The optimal RAG setup is: bi-encoder retrieval for scalable candidate selection, cross-encoder reranking for accurate relevance scoring, and LLM generation from the reranked top-k. This is the architecture that enterprise-grade RAG systems run in 2026.

Asymmetric Retrieval: The Silent Quality Killer

One of the most consistent failure patterns in production RAG pipelines is using an embedding model that was not designed for asymmetric retrieval.

Queries are short. Three to fifteen words. Conversational phrasing. Often a question. Documents are long. Hundreds or thousands of words. Formal or technical prose. They are answering questions they were not necessarily written to answer.

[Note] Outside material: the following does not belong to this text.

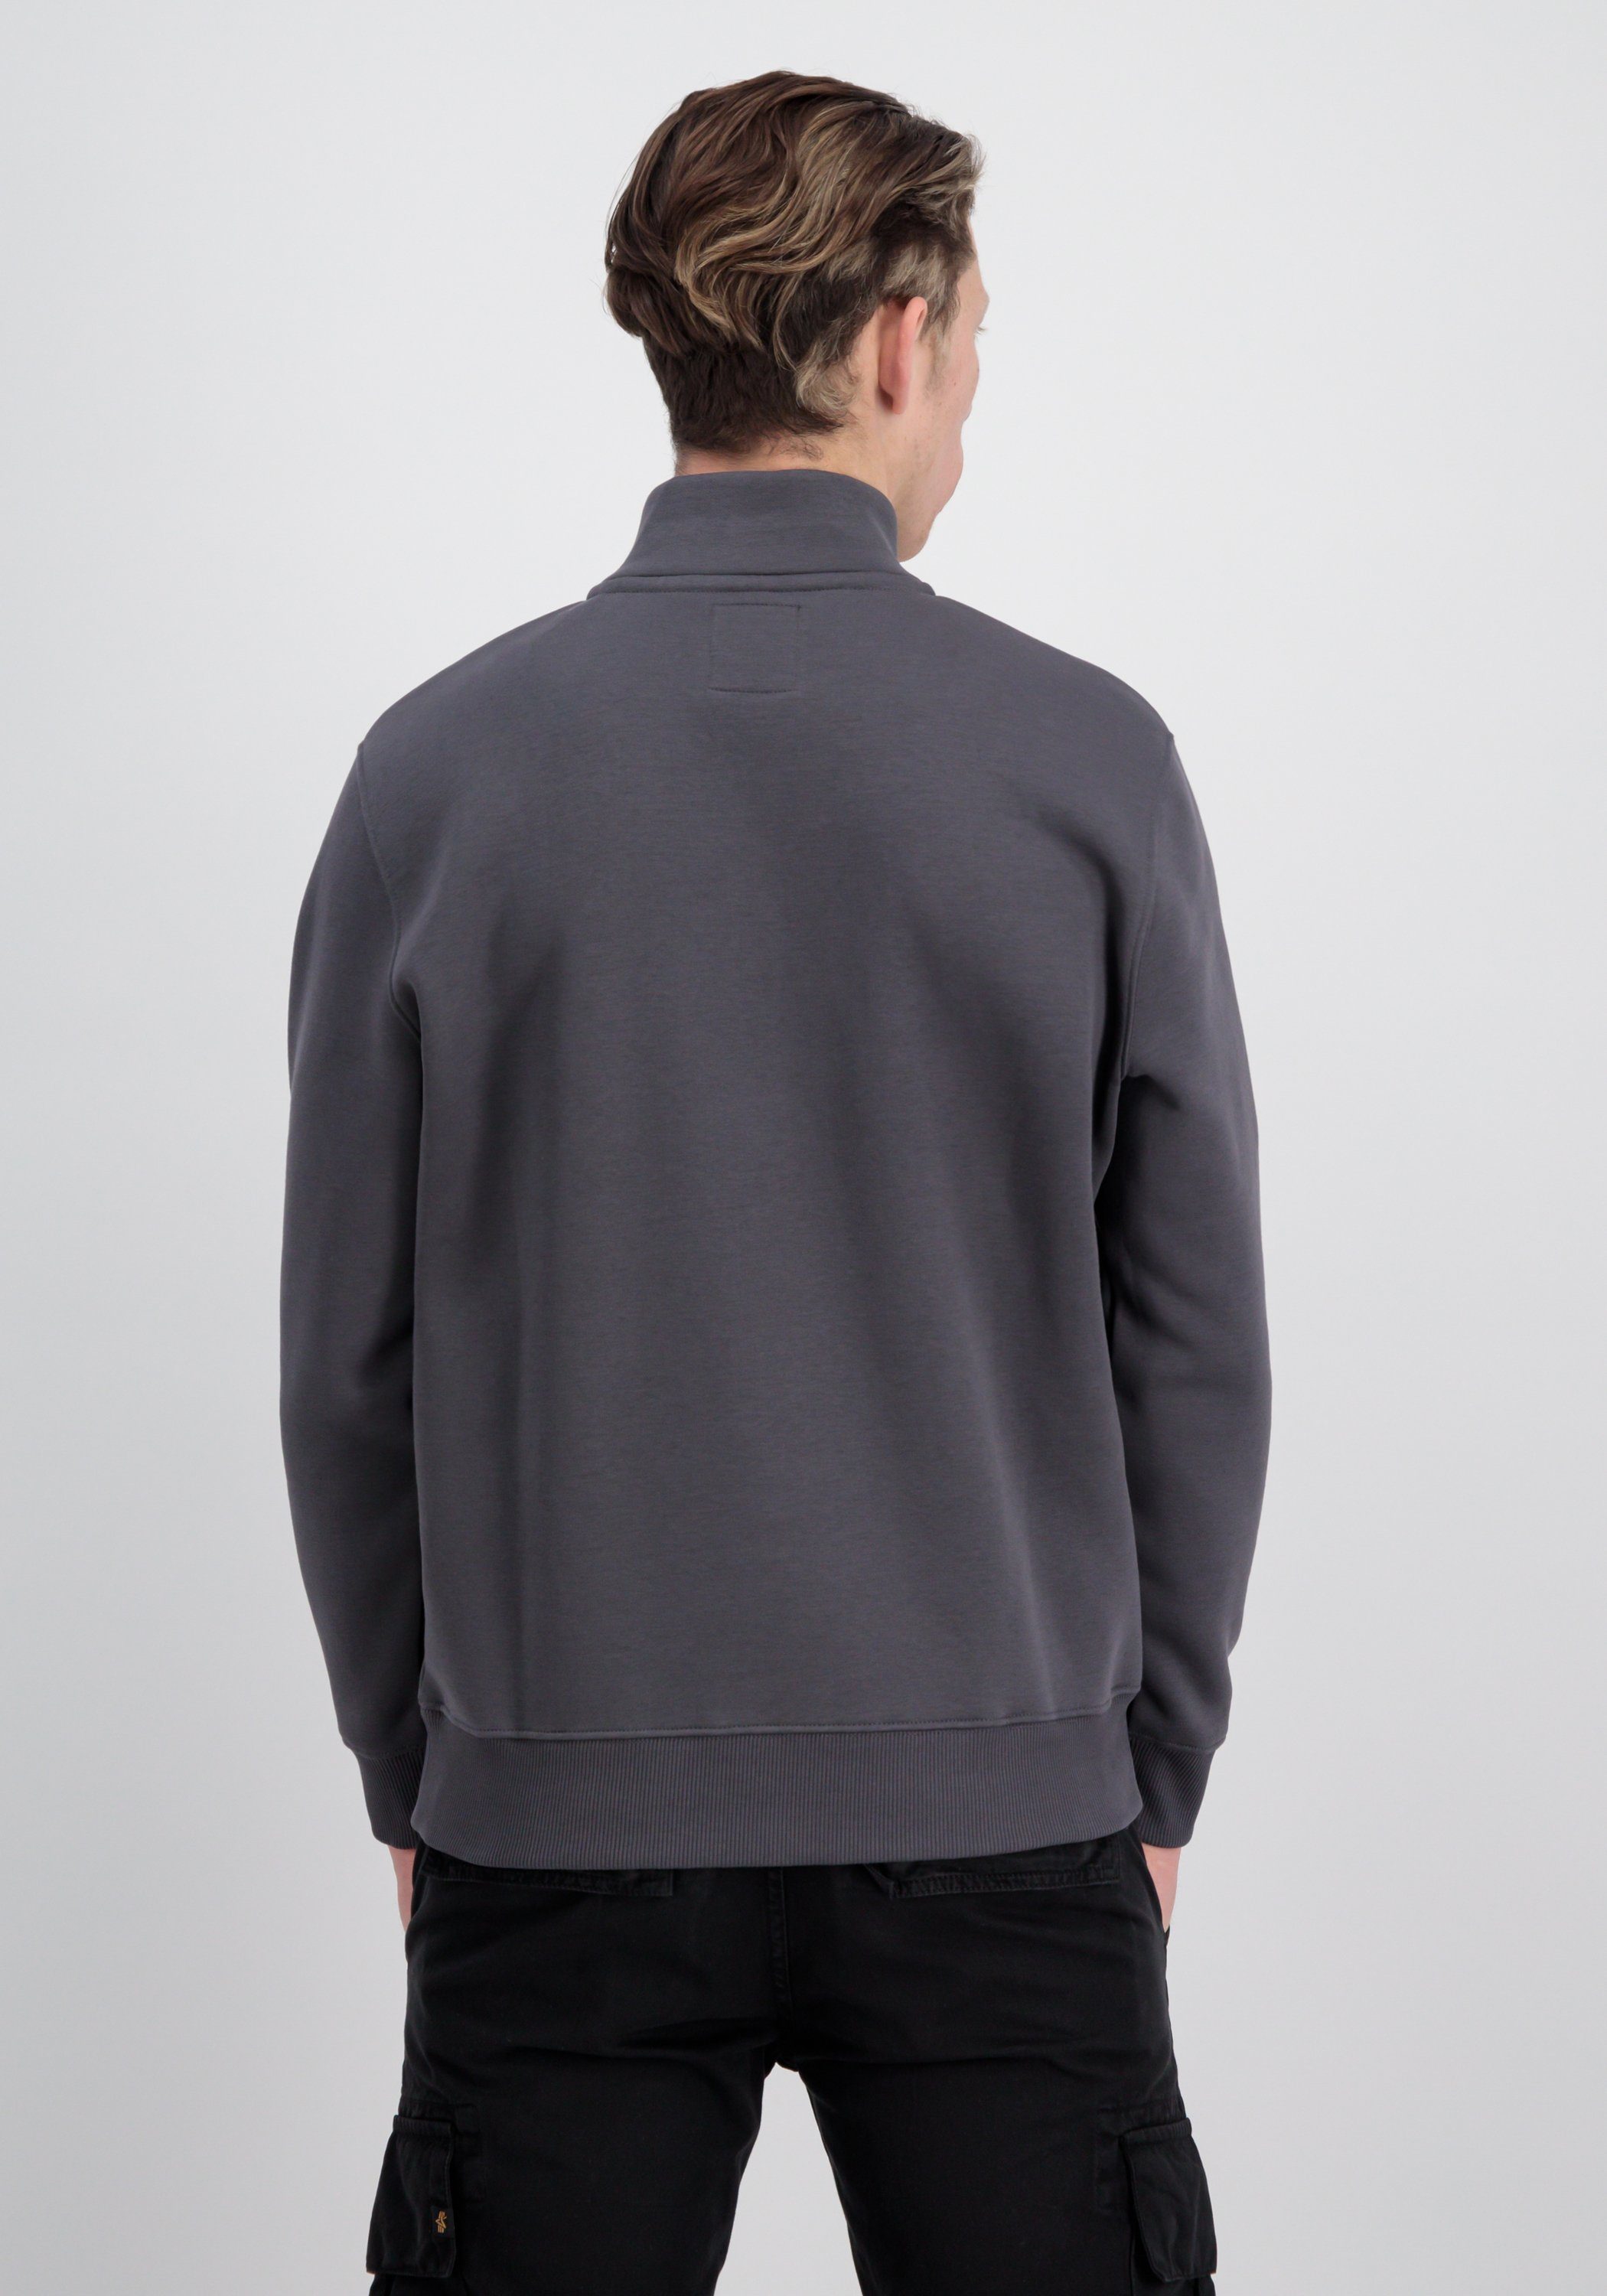 Sweater vintage Industries Industries Half - Alpha Sweatshirts grey SL Sweater Alpha Zip Men

Many modern embedding models use asymmetric encoding — different processing for queries versus documents — because this accounts for the fact that queries are typically short while documents are longer and more detailed.

Voyage AI implements this explicitly. When you call their API, you specify input_type="query" or input_type="document". The same text produces a different vector depending on which input type you specify, because the model applies different internal processing to optimize each for its role in retrieval.

python

import voyageai

client = voyageai.Client(api_key="your-voyage-api-key")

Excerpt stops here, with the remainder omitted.